» Task description: From the listing below, restate word for word the lines from the line containing "The landscape's curved" down through the line containing "man holding book". Exclude pictures.

» Given data:
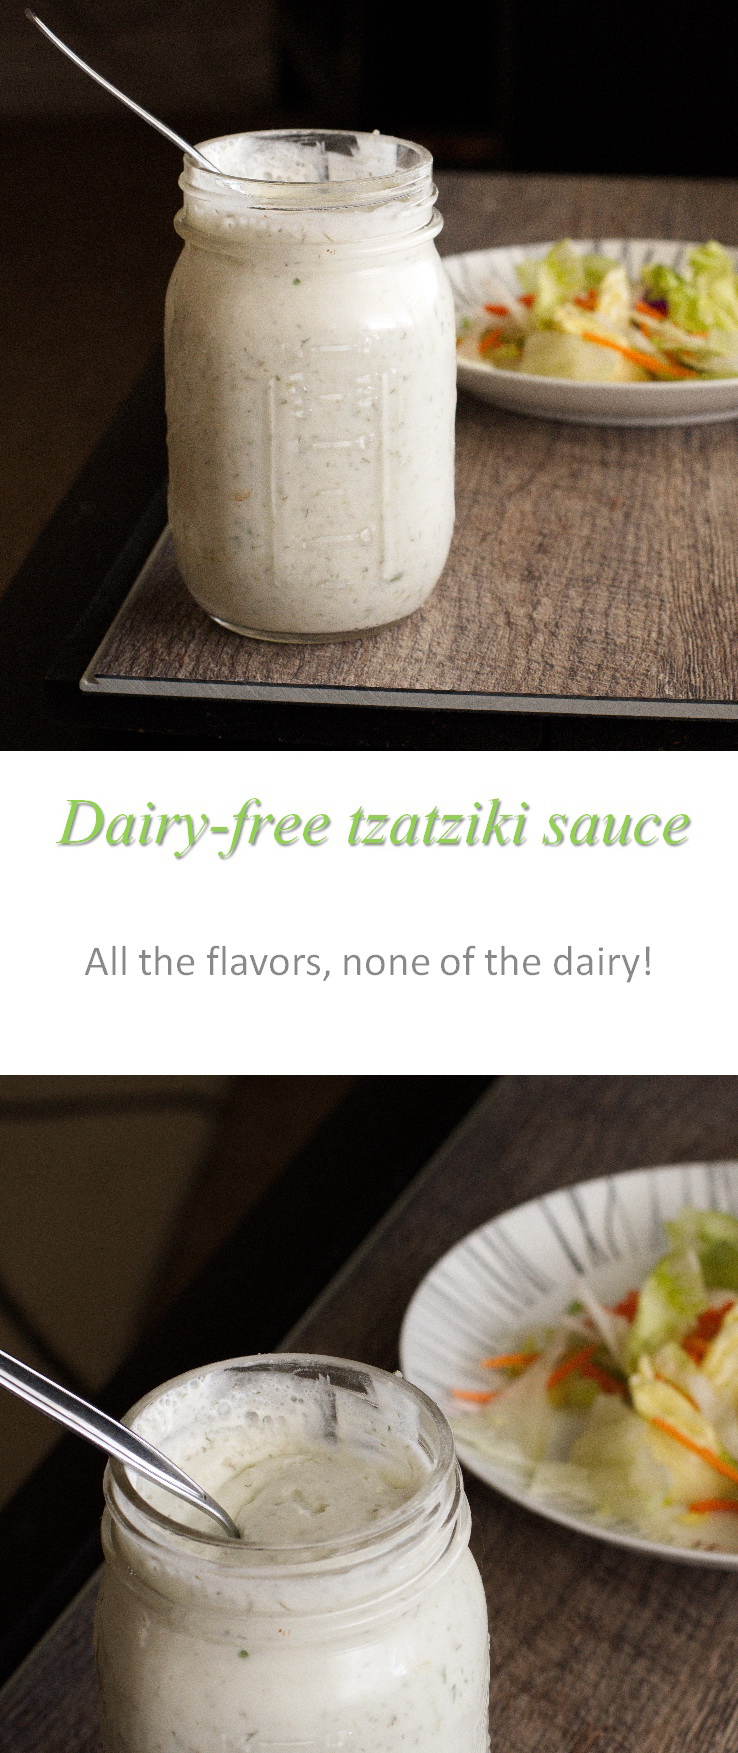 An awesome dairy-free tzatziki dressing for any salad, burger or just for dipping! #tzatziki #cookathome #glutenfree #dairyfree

---

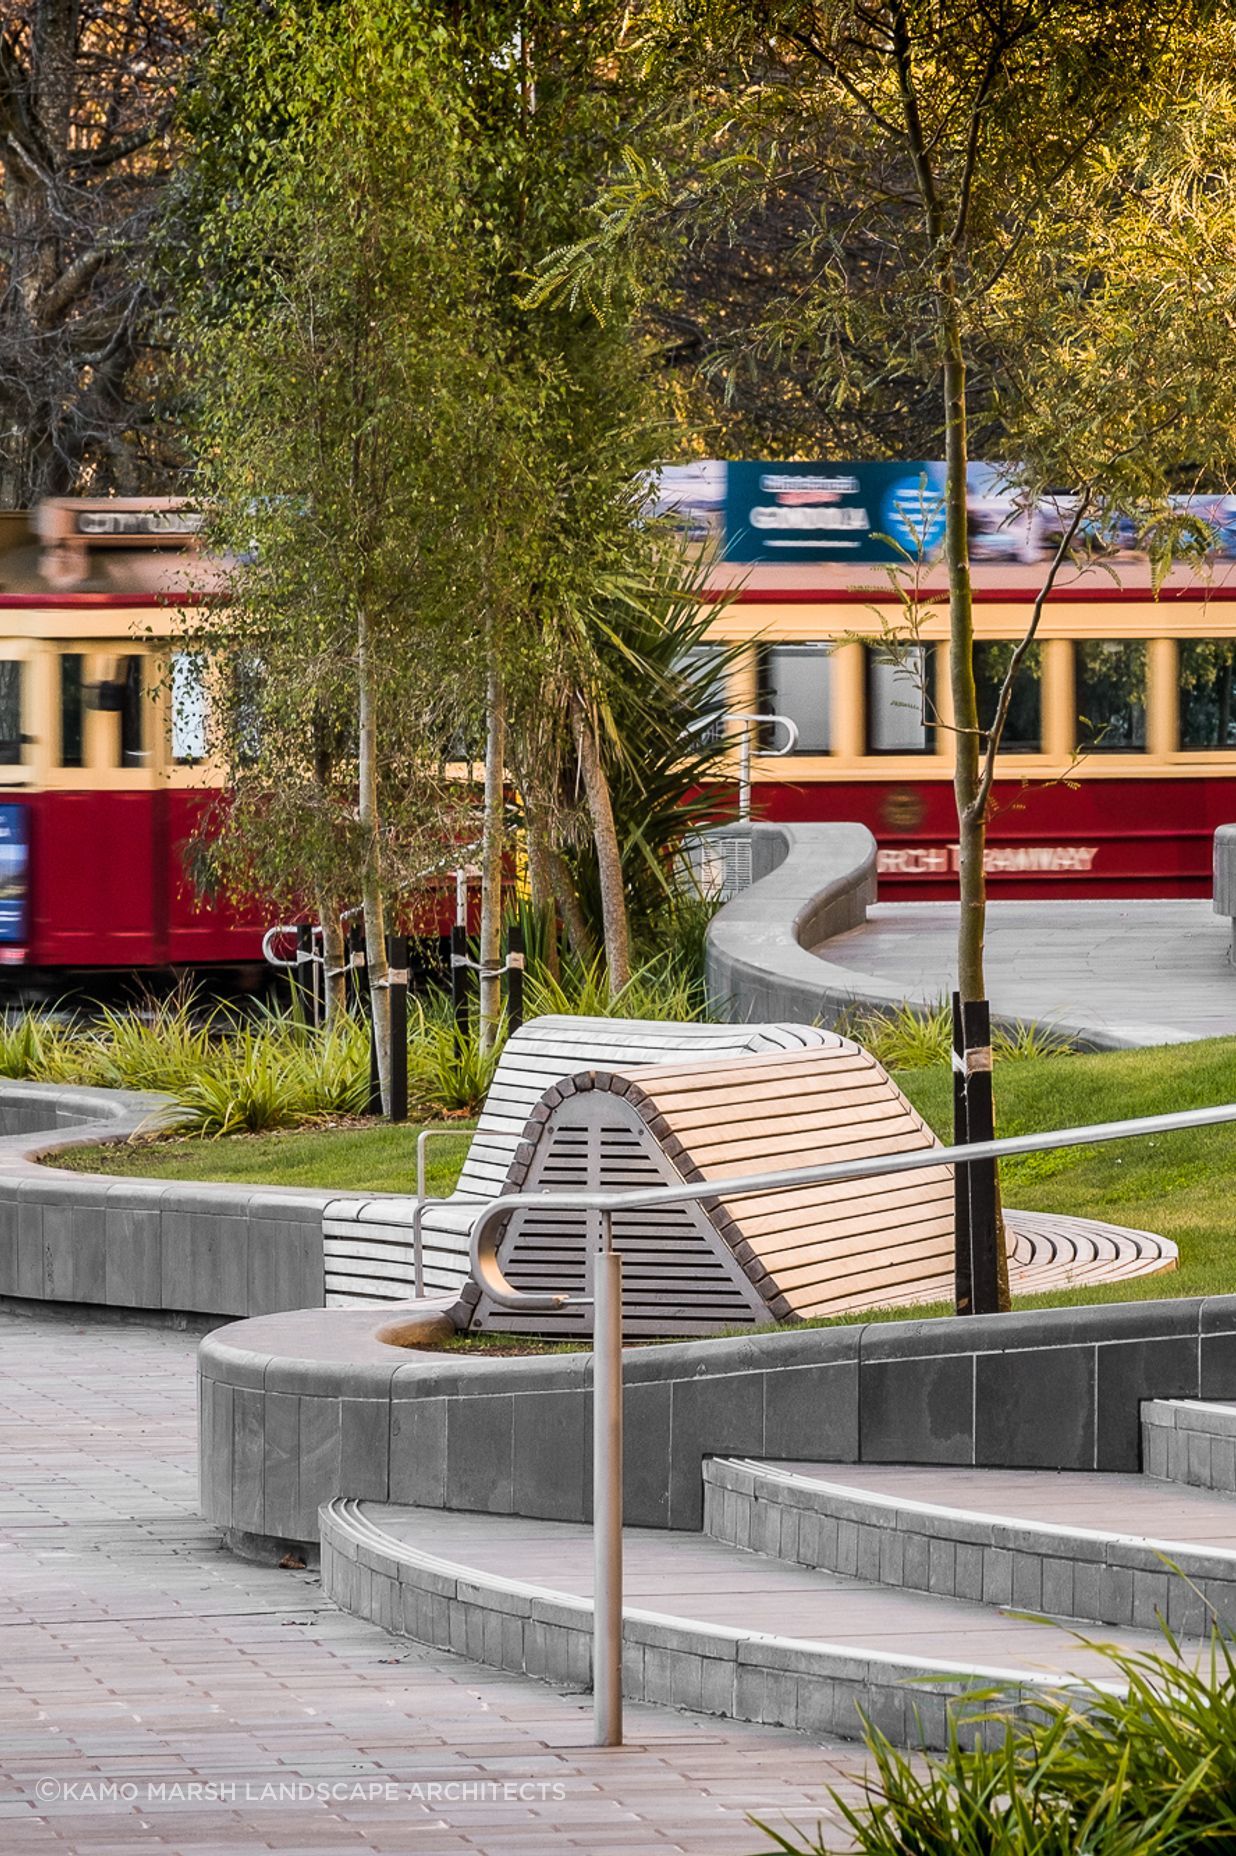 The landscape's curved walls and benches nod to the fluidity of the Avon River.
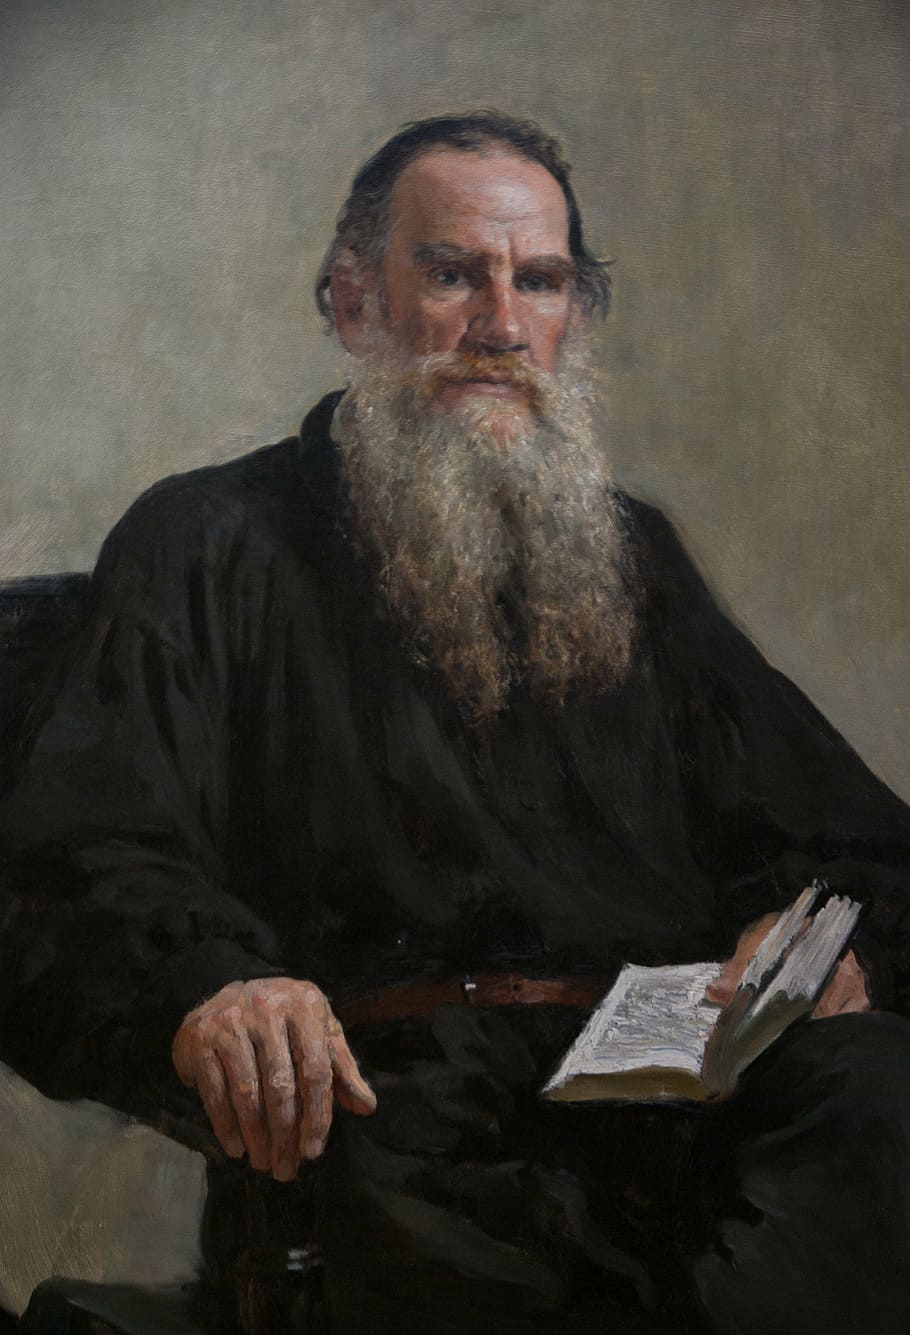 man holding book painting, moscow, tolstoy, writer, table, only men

---

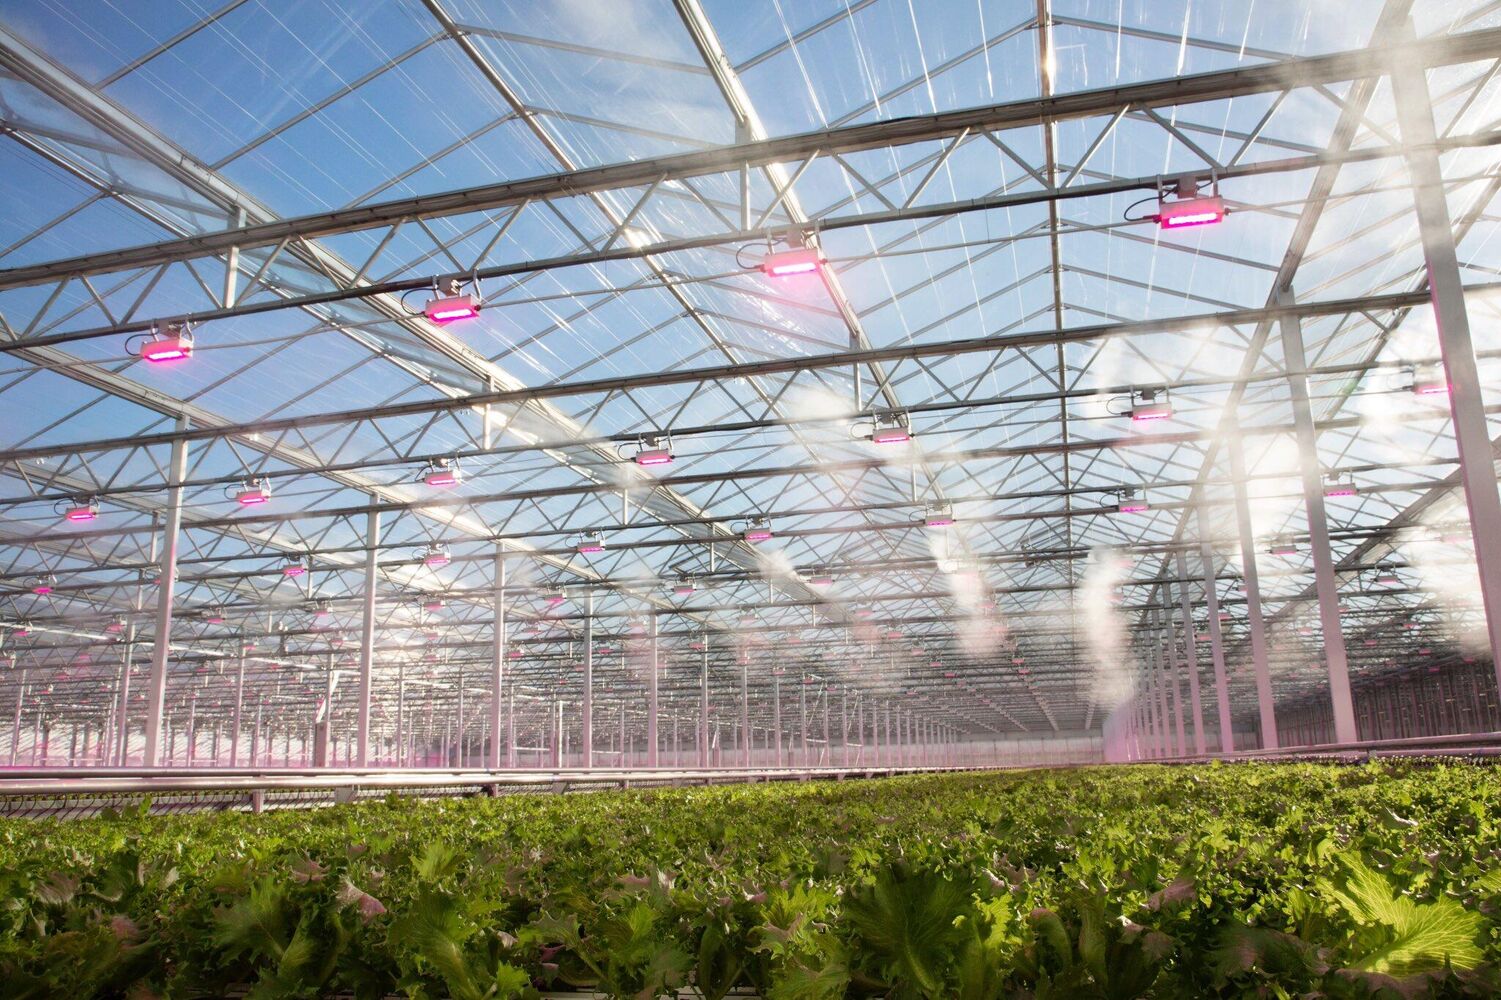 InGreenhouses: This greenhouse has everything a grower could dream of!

» Output of the task:
 The landscape's curved walls and benches nod to the fluidity of the Avon River.
 man holding book painting, moscow, tolstoy, writer, table, only men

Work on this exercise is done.